The group had last summer reportedly found a buyer for its £400m student accommodation portfolio.

 

However, Sanctuary has not confirmed if this sale was completed, and no mention was made of a transaction in the unaudited results. The group first told the markets in October 2024 it was looking to sell 21 of its student schemes. 

 

In its unaudited results, Sanctuary reported that its student occupancy rates edged up to 96 per cent in its last financial year.

 

Current members of the landlord’s executive team are also still directors of Sanctuary Management Services, which oversees its student stock.

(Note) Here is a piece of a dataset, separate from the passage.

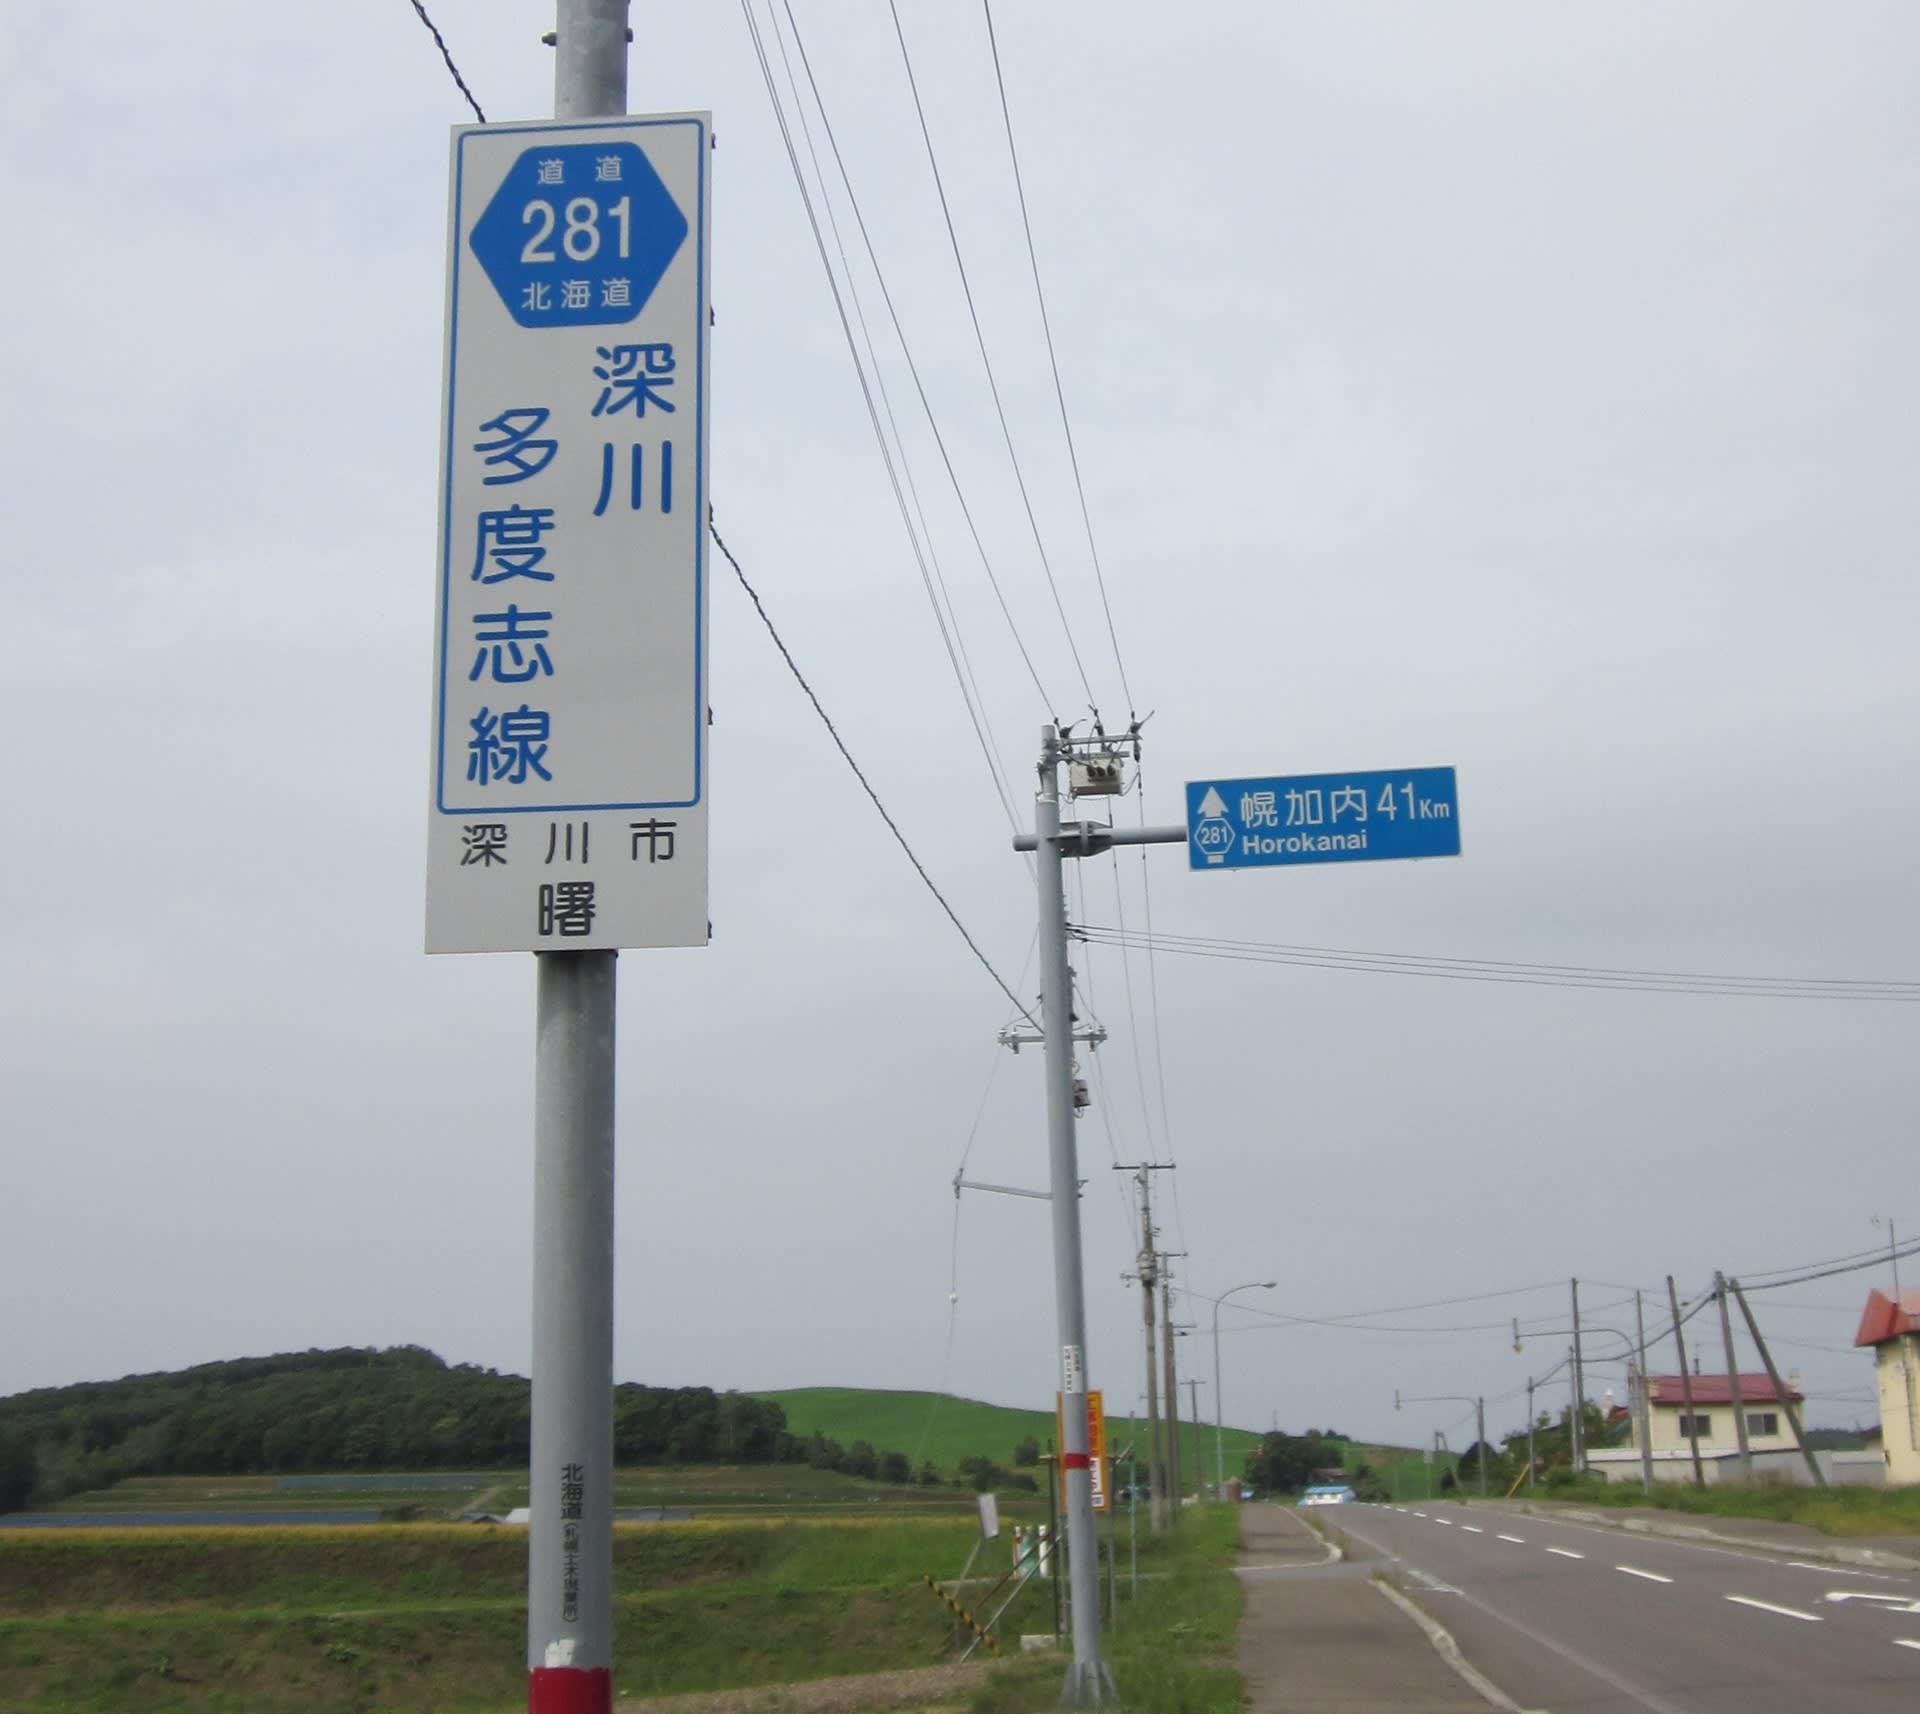 道道281号線から鷹泊へゴー - 鷹泊 昭和30年代

Overall, Sanctuary recorded a three per cent rise in group revenue to £1.2bn in its last full-year, according to the unaudited figures.

 

Income from sales slid to £71m, down from £90m year-on-year. However, sales revenue is only six per cent of overall turnover.

 

Completions fell by six per cent to 790, with two-thirds of this comprising social housing tenures. 

 

Sanctuary reported an EBITDA MRI interest cover figure of 110.2 per cent, which was the same as the previous year. The group previously said that its interest cover had been hit by the acquisition of troubled Essex landlord Swan and its large debt.

 

Sanctuary’s net debt edged up to nearly £3.9bn. It held cash and undrawn facilities of £453m at the year-end, a fall from £516m the prior year.

 

Gearing was 53 per cent, up from 52.1 per cent the year before.

 

Ed Lunt, Sanctuary’s chief financial officer, branded it “another solid year for the group”.

 

Sanctuary has an A credit rating, and a stable outlook with S&P. Moody’s rates the landlord A2 with a stable outlook.